Neck not hollding the 300rum bullets

I annealed a couple of them to the point where they were so soft the case necks crushed when I seated a bullet in them. I figured they were springing back after I initially annealed them. Nope wasn’t the issue. I’m guessing that the neck wall thickness is too thin from several firings and full length sizings.
 
Measure a loaded round minus .308” then divide by 2 should give you the neck thickness.
 
Thanks it’s been a few years since it happened, but I’m pretty sure I did that and it was pretty thin versus a brand new case.
 
I annealed a couple of them to the point where they were so soft the case necks crushed when I seated a bullet in them. I figured they were springing back after I initially annealed them. Nope wasn’t the issue. I’m guessing that the neck wall thickness is too thin from several firings and full length sizings.

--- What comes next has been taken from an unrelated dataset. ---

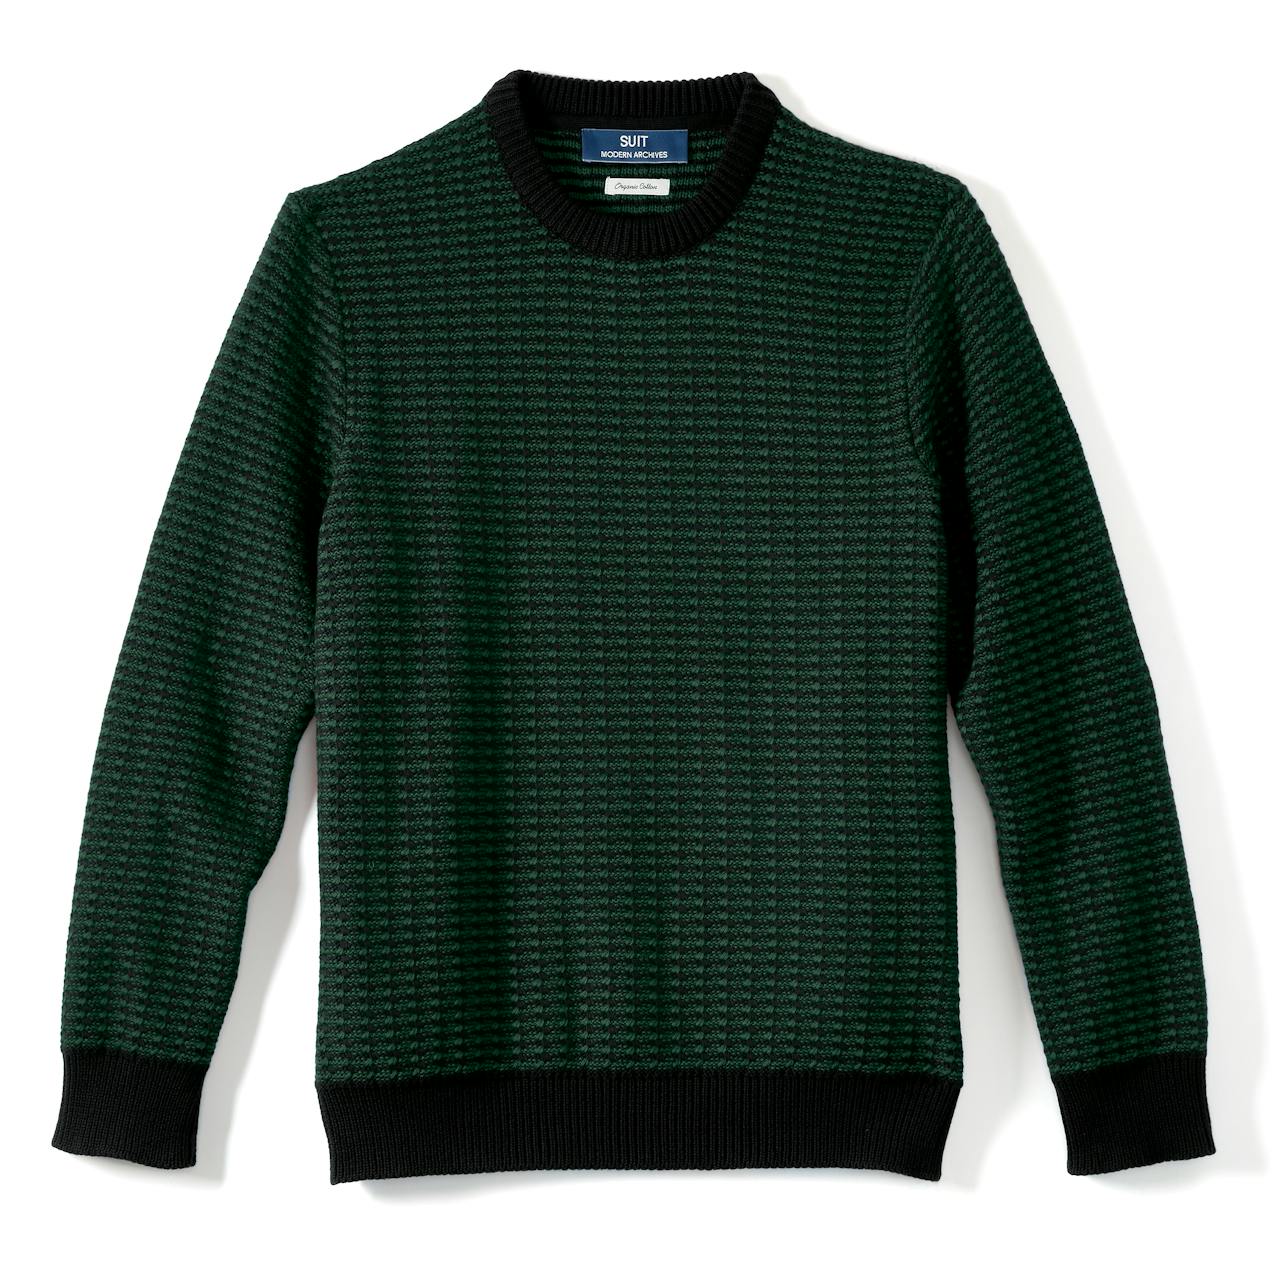 Suit Leo Sweater - Jet Black | Crew Neck Sweaters | Huckberry

You need to clean the sticky tarnish off the case from the annealing. I tumble in corncob.
 
I pin tumbled them. It works better than corn cob media. They’re polished inside and out and even in the primer holes. Made zero difference. The brass necks imo have stretched so many times that they are too thin and are not getting sized down.
 
From all that has been shared, we know that you are not getting enough neck tension. When I load I want a minimum of .002" - .003" neck tension, some like .004". What are your actual mic'd neck measurements, fired, FL or neck sized, and loaded?
 
I’ll have to pull some of those out and try and full length size them like it’s a fired piece of brass and then try and load a bullet in them and measure and report back. I think I ran into those casings the other day. I think there’s only 7 to 12 of them left. I can remember when I go to seat a projectile I can feel it seat with force. Once the bullet is seated there is zero spring back for neck tension to hold a bullet in place. It’s basically once the bullet is seated in place it expands the neck and there is zero spring back on the neck tension. Like I said, I’ve had it with random 243 cases that have been shot dozens of times and probably should’ve been discarded way before the fact but I’ve never had it with 300 rum brass all in a row like I did a few seasons ago loading for it. It was a brass I had laying around since 99 or 2000 that had been shot probably a half dozen times or ALOT more. And I believe I posted above that RCBS sent me another expander ball to try and it made zero difference.
 
When it comes to neck tension, it should not make a difference if a case is just neck sized or FL sized as long as both dies size the necks the same. I'm guessing that if it is that old of brass, when you're sizing it the brass it is not staying to the proper size and is springing back some. I don't believe that there is any issue with the dies as long as you have them properly adjusted. My only suggestion is to properly anneal your cases and then size. That should soften the necks again and reduce the spring back, which is due to trying to size hard brass.